Entrevista:O Estado inteligente

quinta-feira, outubro 19, 2006

De te fabula narratur, já dizia Marx



Artigo - *Rolf Kuntz
O Estado de S. Paulo
19/10/2006

Impossível assistir ao espetáculo - primeiro o delírio, depois a pancadaria - do traslado do esquife de de Juan Domingo Perón sem lembrar a advertência de Marx ao leitor alemão do Capital: o modelo descrito no livro podia ser o da Inglaterra, onde o capitalismo se havia desenvolvido mais amplamente, mas a experiência inglesa apenas antecipava a de outros países. “De te fabula narratur”, escreveu Marx no prefácio, para liquidar a alegria de quem se julgasse livre daquele pesadelo. A história contada no livro seria repetida, com personagens diferentes, noutros países sujeitos às leis do capital.

Há quatro anos, quando Luiz Inácio Lula da Silva chegou ao Palácio do Planalto, importantes publicações, na Europa e nos Estados Unidos, noticiaram a eleição de um líder populista no Brasil. A qualificação pareceu errada e preconceituosa mesmo a brasileiros que não haviam votado em Lula. Jornalistas do mundo rico mais uma vez descreviam a situação brasileira com base em clichês fáceis e falsos. Apoiado no trabalho de seu primeiro ministro da Fazenda, Antonio Palocci, e do chefe do Banco Central, Henrique Meirelles, o novo presidente conseguiu diferenciar sua imagem da figura tradicional do político latino-americano. Não deixou de ser uma personagem um tanto folclórica, mas conquistou um tratamento diferenciado e respeitoso.

O populista apontado pela imprensa estrangeira, nas matérias publicadas há quatro anos, manifesta-se agora, sem disfarce, numa campanha que parecia impensável no Brasil do século 21. A campanha é espantosa tanto pela estratégia escolhida quanto pelo êxito aparente. É notável não só pelo número de patranhas contadas pelo presidente e por seus aliados, mas também pela baixa qualidade do discurso.

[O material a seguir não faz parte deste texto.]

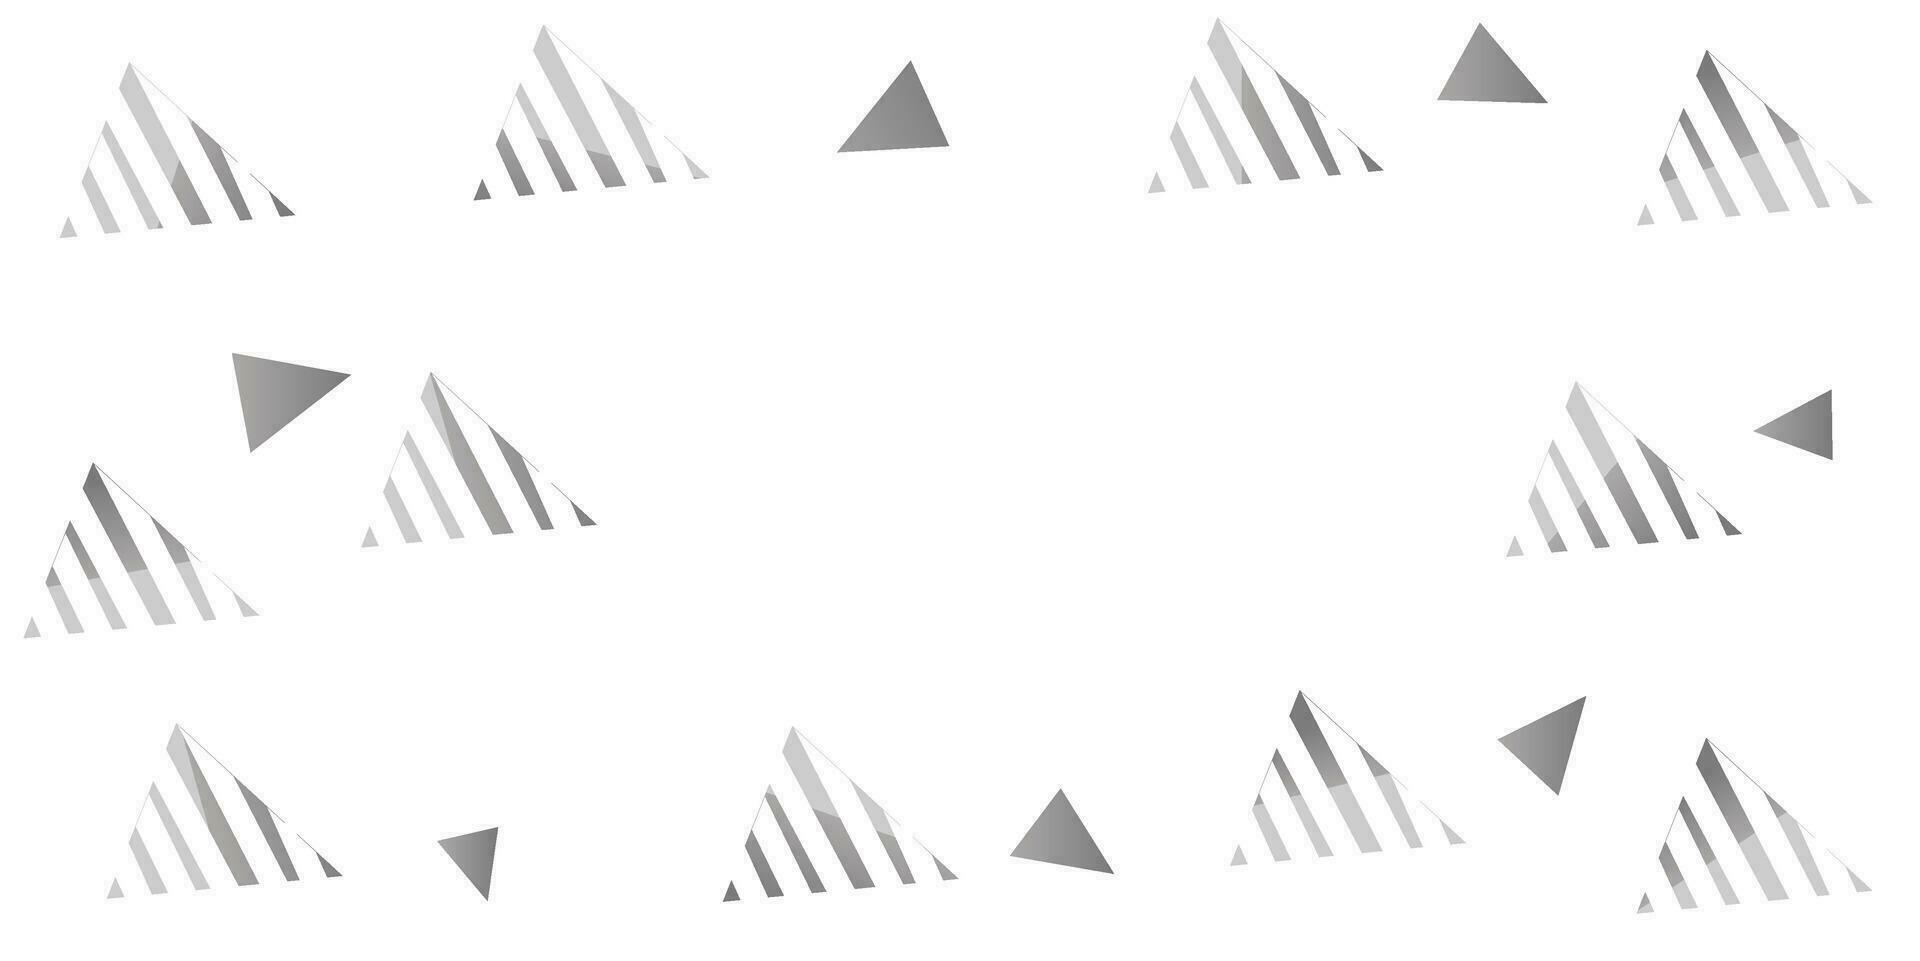 kreativ Design Illustration von Gradient abstrakt Hintergrund mit Dreieck gestalten Muster, im Weiß und grau Farben. vektor

Atribuir aos adversários a intenção de privatizar o Banco do Brasil e a Petrobrás já seria suficiente para deixar boquiaberta qualquer pessoa razoavelmente informada e capaz de juntar duas idéias. Mas o mais chocante é que alguém possa ter concebido, em 2006, uma campanha baseada na demonização das privatizações. Não há sequer o argumento, usado razoavelmente noutros tempos, sobre o valor estratégico da intervenção estatal em certas áreas. Simplesmente não há argumentos: o discurso é tão vazio de racionalidade quanto a pregação do racismo, da guerra santa ou do nacionalismo do século 19.

O mesmo apelo à irracionalidade aparece no esforço para semear a rivalidade e o ódio entre regiões, como se esta eleição fosse uma disputa entre o Brasil menos desenvolvido e São Paulo. O recado efetivo do presidente, ao acusar a elite paulista de odiar o Norte e o Nordeste, não foi contra um grupo concreto e identificável por suas ações. Quem é essa elite? Em que se diferencia dos tais paulistas que trabalham, que acordam cedo e que são bonzinhos, segundo a ressalva acrescentada por Lula? Os pregadores do racismo, nos Estados Unidos, nunca deixaram de reconhecer a existência de negros bonzinhos e respeitosos. Mas a mensagem eficiente foi sempre a do ódio racial, a do apelo à irracionalidade e aos sentimentos mais perigosos. E por que a elite hedionda é apenas a paulista? Por que é mais nociva que os poderosos do Norte e do Nordeste - aqueles que, de fato, sempre mantiveram e continuam mantendo no atraso dezenas de milhões de brasileiros?

O presidente e seus companheiros negam os fatos, também, quando dizem que seus adversários só sabem privatizar. Fantasiam, quando negam que um enorme trabalho de reforma econômica e institucional foi realizado nos anos 90 e no começo desta década. Inventam, quando ocultam que os instrumentos da política antiinflacionária estavam prontos e disponíveis ao assumirem o governo. Violam os fatos, quando dão a entender que a atual produção de petróleo foi um resultado de seu trabalho. Tentam apagar até a história da Petrobrás e de seu longo esforço para levar o País à auto-suficiência. Para que apagar e recriar a história, se julgam ter uma porção de realizações importantes para mostrar ao eleitorado? Talvez porque saibam que em muitas áreas importantes - como na difusão do ensino básico - sua contribuição foi apenas um pequeno acréscimo porcentual ao que estava feito.

O Lula que se revela sem disfarce nessa campanha é cada vez mais parecido com Evo Morales, com Hugo Chávez e com outras figuras típicas do populismo sul-americano. Ao defendê-los, ele defende, de fato, a si mesmo. Quanto mais será revelado, se for reeleito?